I'm not denying that there's some truth to what he says. I don't think there's much question that elite schools perpetuate economic inequality, and I also think the arms race to get into them can be very bad for kids from that social strata. But some of the other stuff just seems goofy. In my experience, students in public schools are much more vocationally-oriented than students at elite schools, and I believe that there's research that backs that up. (I don't have time to dig it up right now, but I can try in a week or so if this discussion is still going on.) It makes sense, when you think about it: you can go into finance with a philosophy degree from Yale, but you're not going to get that job with a philosophy degree from Directional State University. The kids at DSU are way more likely to major in business, because they don't have the luxury of playing with ideas for four years and relying on the alumni network to get them a high-paying job.
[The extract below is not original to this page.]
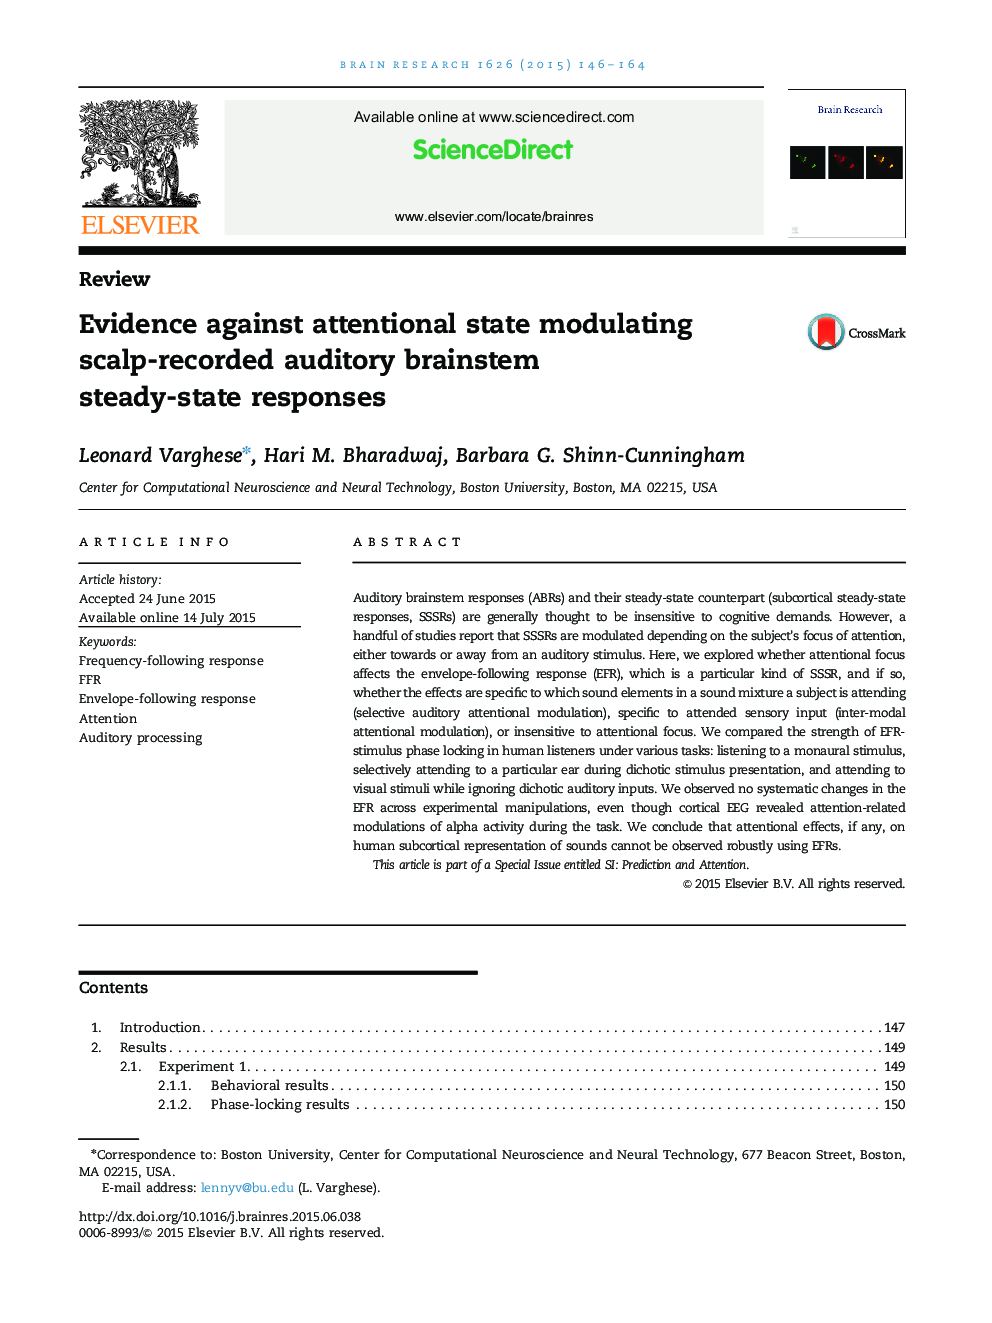 ReviewEvidence against attentional state modulating scalp-recorded auditory brainstem steady-state responses

Also, first-generation college students often get a lot of pressure from their parents and communities to see their education in vocational terms. My students are sometimes ashamed of their intellectual curiosity. They see it as self-indulgent and apologize for wanting to take classes that aren't "useful." I think his belief that non-elite schools are better is basically just a reflection of his lack of experience with non-elite schools. And I say that even though I really enjoy working with my students, would not want to work at an elite school, and am convinced that you can get a first-rate education at the university at which I work.
posted by ArbitraryAndCapricious at 7:22 AM on July 24, 2014 [1 favorite]


I think this is much more of an East Coast phenomenon. Growing up in the Pacific Northwest, there just aren't that many kids who end up going to Ivies, and there's less interest in general in where a person went to school, once they're out and in the real world.
posted by stenseng at 11:45 AM on July 24, 2014


I dunno man, I don't think it's that cut-and-dry. There's a certain species of New Englander/Mid-Atlantican who's particularly Ivy-crazy, for sure, but out in the Bay Area there's definitely a similar culture around Stanford, which is basically the Ivy's West Coast equivalent and usually gets mentioned in the same breath as HYP.
posted by en forme de poire at 12:13 PM on July 24, 2014


Also, first-generation college students often get a lot of pressure from their parents and communities to see their education in vocational terms. My students are sometimes ashamed of their intellectual curiosity. They see it as self-indulgent and apologize for wanting to take classes that aren't "useful."

Yes this has been my experience to a T. And if the student isn't intellectually curious, then all is well and good. But otherwise, its stifling.
posted by MisantropicPainforest at 12:19 PM on July 24, 2014


It makes sense, when you think about it: you can go into finance with a philosophy degree from Yale, but you're not going to get that job with a philosophy degree from Directional State University.

This is totally true, as is the rest of what you wrote. To be fair though, for a philosophy major in the honors college of State Flagship U, I wonder if the comparison doesn't start to get more equal. After all, big research universities, whether public or private, are a good source of fancy recommendation letters.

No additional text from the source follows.